Firewall Rules - country and hostname

bart2 · February 15, 2021, 12:48am

I’m having two problems with Cloudflare’s firewall (possibly one with two examples instead).

I’m setting up firewall rule: JS challenge all traffic except country: UK. Behaviur: many UK customers gets the JS challenge.
Block all hosts except “www.domain.com” “domain.com” and “m.domain.com”. Behaviour: looks like all visitors get blocked. I had a bunch of people blocked within 2 minutes. They all seemed to be using either “www.domain.com” or “domain.com”.

Am I missing something?

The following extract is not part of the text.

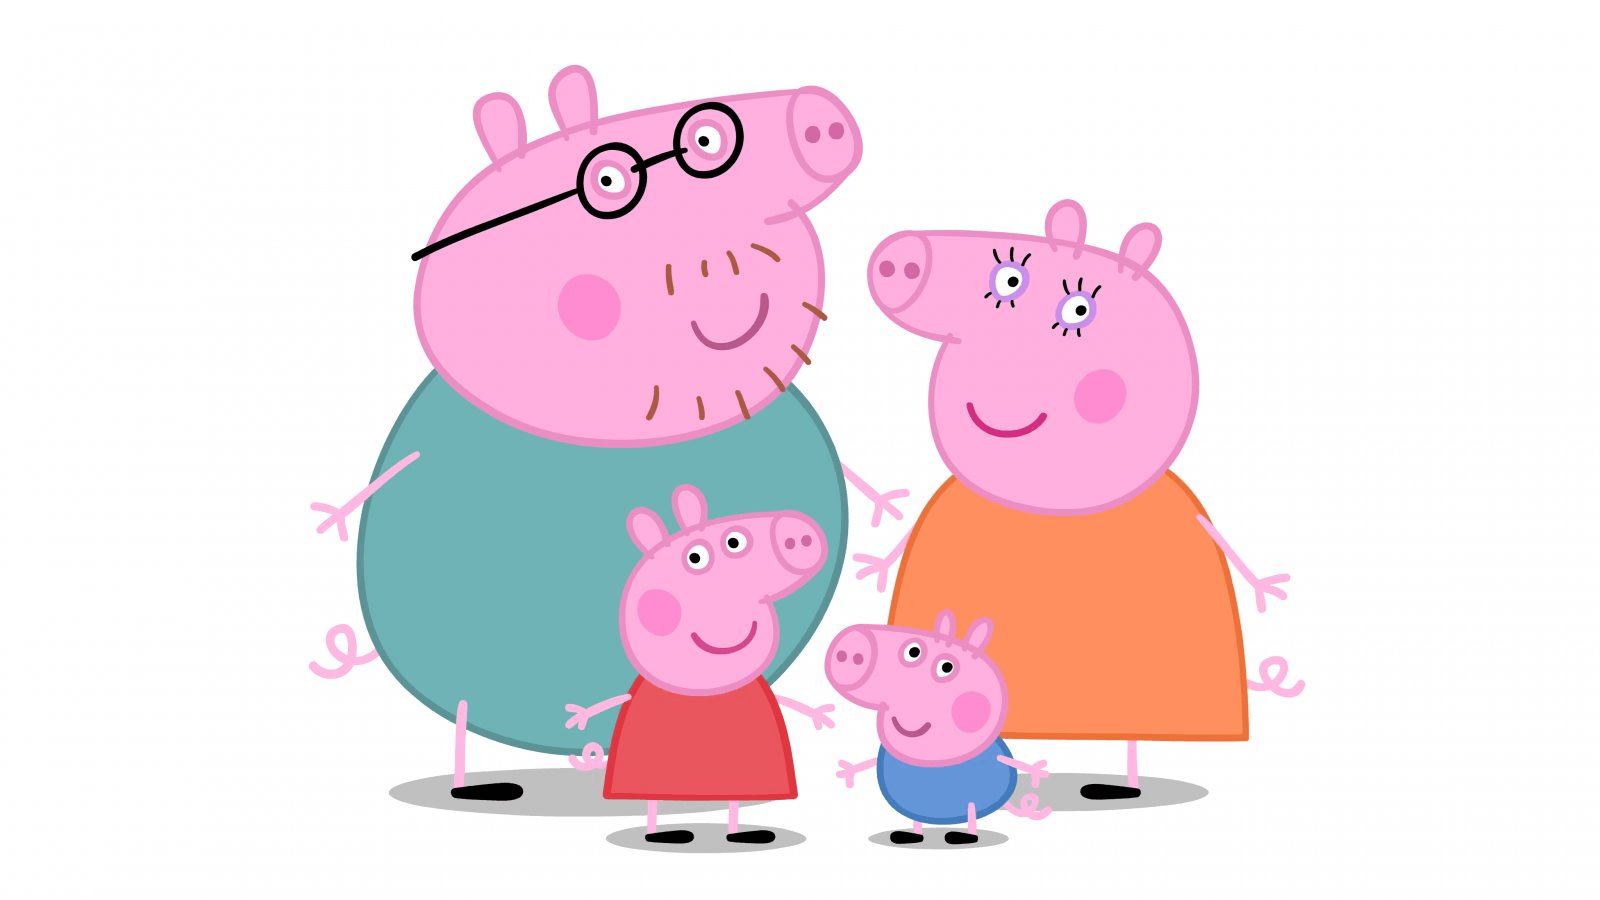 Peppa Pig Family Wallpapers

Is it possible that some visitors have both “hostname” and “country” values empty? That would explain cloudflare’s behaviour.

Thanks in advance.

sdayman · February 14, 2021, 9:15pm

If you need more assistance, please post a screenshot of your actual firewall rules, or the raw Expression Preview text.

bart2 · February 14, 2021, 9:42pm

Good point, everything looks good to me though.

Here’s what I see from the 2nd example (blocking by hostname).

Rule:
(http.host ne "domain.co.uk") or (http.host ne "www.domain.co.uk") or (http.host ne "m.domin.co.uk")

Here’s the screenshot of the event:

EDIT: “Host” value was just “domain.co.uk”

bart2 · February 14, 2021, 9:46pm

He’s the real MVP then.

michael · February 15, 2021, 12:47am

The logic here is wrong. The firewall rule will match any hostname, and the block will apply. Replace “or” with “and” and it should work.

bart2 · February 15, 2021, 12:47am

That’s it, thanks!

system · February 16, 2021, 12:47am

This topic was automatically closed 24 hours after the last reply. New replies are no longer allowed.